2014 witnessed some major reshuffling in the biopharmaceutical world. One of them was the mega 3-way deal between GSK-Novartis-Eli Lilly. The deal reshaped their core businesses and these biopharmaceutical giants’ future. One of the biggest moves was Novartis selling its vaccine division (excluding the flu business) to GSK for $5.25 billion; which is projected to rise to $7.1 billion depending on certain milestones. Though the crown jewel of this deal is perceived to be Bexsero—the on market vaccine against meningitis B. GSK also gained 20 vaccines in development, including the late-stage MenABCWY combination, which will boost the company’s pipeline. Additionally, GSK gained vaccine manufacturing network sites in India and China coupled with a reduced supply costs to further sweeten the deal.

Secondary research revealed some quantitative perspective on the GSK-Novartis transaction. We narrowed in and compared the sales generated by vaccines for the two companies over a three-year period 2013-15. We see that GSK vaccines sales increased from $5.79 billion in 2013 to forecasted $6.42 billion in 2015 (the highest gain among the top 10 market players); Novartis vaccine sales are projected to drop from $1.68 billion in 2013 to $1.30 billion in 2015 (the biggest drop among the top 10 market players)

Pipeline focus on vaccines also revealed a similar trend. We see that while GSK sales prediction increased from $16.9 billion in 2013 to expected $18.1 billion in 2015 (the highest among the top 10 market players); Novartis’ decreased from $3.1 billion in 2013 to forecasted $2.3 billion in 2015 an 0.8 shrinkage (again the greatest decrease among the top 10 market players).

The 2015 Nice Insight Biopharmaceutical Outsourcing Survey data showed 16 percent of all respondents will outsource vaccine production. The big biopharmaceuticals, Big Pharma and Big Biotech account for the majority of vaccine outsourcing, comprising 60 percent of the buying market. Emerging biotech and emerging pharma comprise approximately 23 percent of the buying market, and specialty pharma accounts for the remaining 18 percent. 

There were no changes in the ranking of outsourcing drivers among vaccine production outsourcers when compared to the 2014 results. Quality, reliability, and productivity made the podium in the order mentioned. Innovation, affordability and regulatory track record followed respectively to complete the rankings. However when we compare the ranking of outsourcing drivers among vaccine production outsourcers to overall partner attributes we find that quality, reliability and productivity maintain the top three positions, where as affordability jumps a spot to 4th dropping innovation to 5th to tie with regulatory track record.

We looked in greater depth at potential considerations for an outsourced vaccine production project by comparing the average customer perception scores among top 5 CMO’s for vaccine production.

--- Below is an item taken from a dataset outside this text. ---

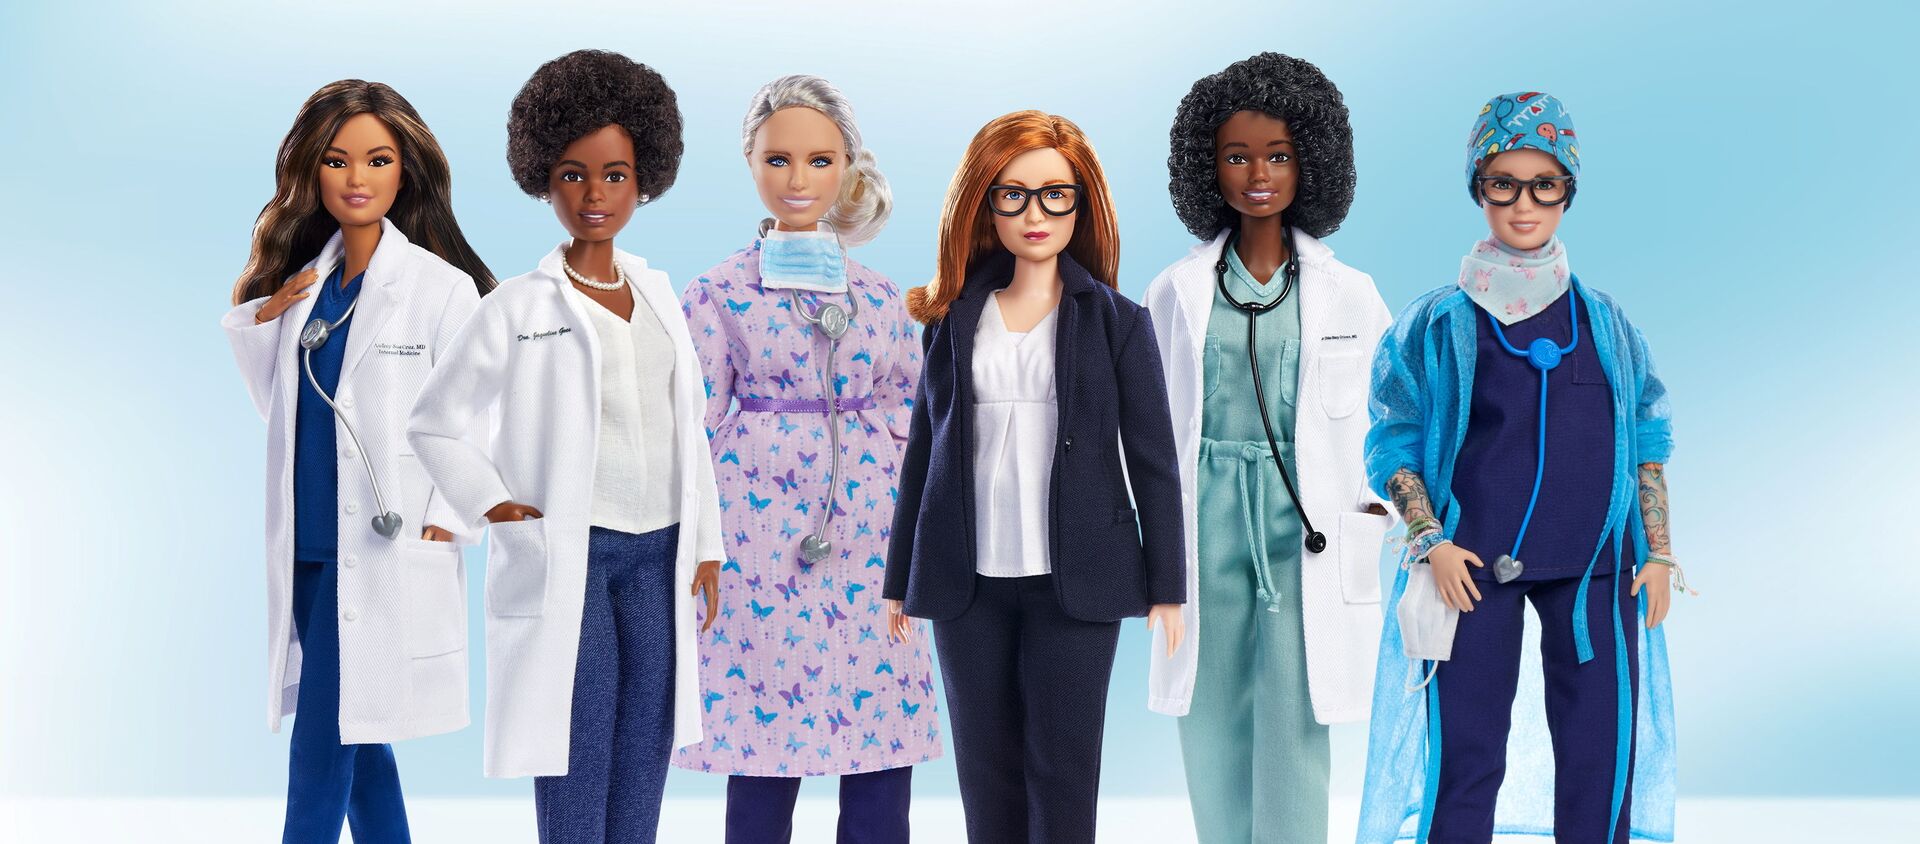 Oyuncak şirketi Mattel, tıp ve sağlık alanında öne çıkan 6 kadın için Barbie 'rol model' serisini çıkardı. - Sputnik Türkiye, 1920, 04.08.2021

Interestingly only 3 percentage points separate the six outsourcing drivers, compared to 6 percentage points in 2014. Again quality topped the charts with 88%, followed closely by reliability and regulatory both at 87%. Productivity came in next at 86% and innovation and affordability wrapping up with each scoring 85%.

In comparing to the average scores of top 5 CMOs in 2014 to 2015, there was a noticeable increase overall in customer perception scores from 79% to 86%. We observed that there was a general increase through all the drivers over the one-year period. Again we can attribute some of the surge in interest in vaccines over the past 12 months. The highest jump was observed in regulatory; it increased 12% from 75% to 87%. Quality and innovation increased 8 percent each from 80% to 88% and 77% to 85% respectively. Next was a 6 percent jump in reliability (81% to 87%) and affordability (79% to 85%). Finally productivity showed a 5 percent increase from 81% to 86%.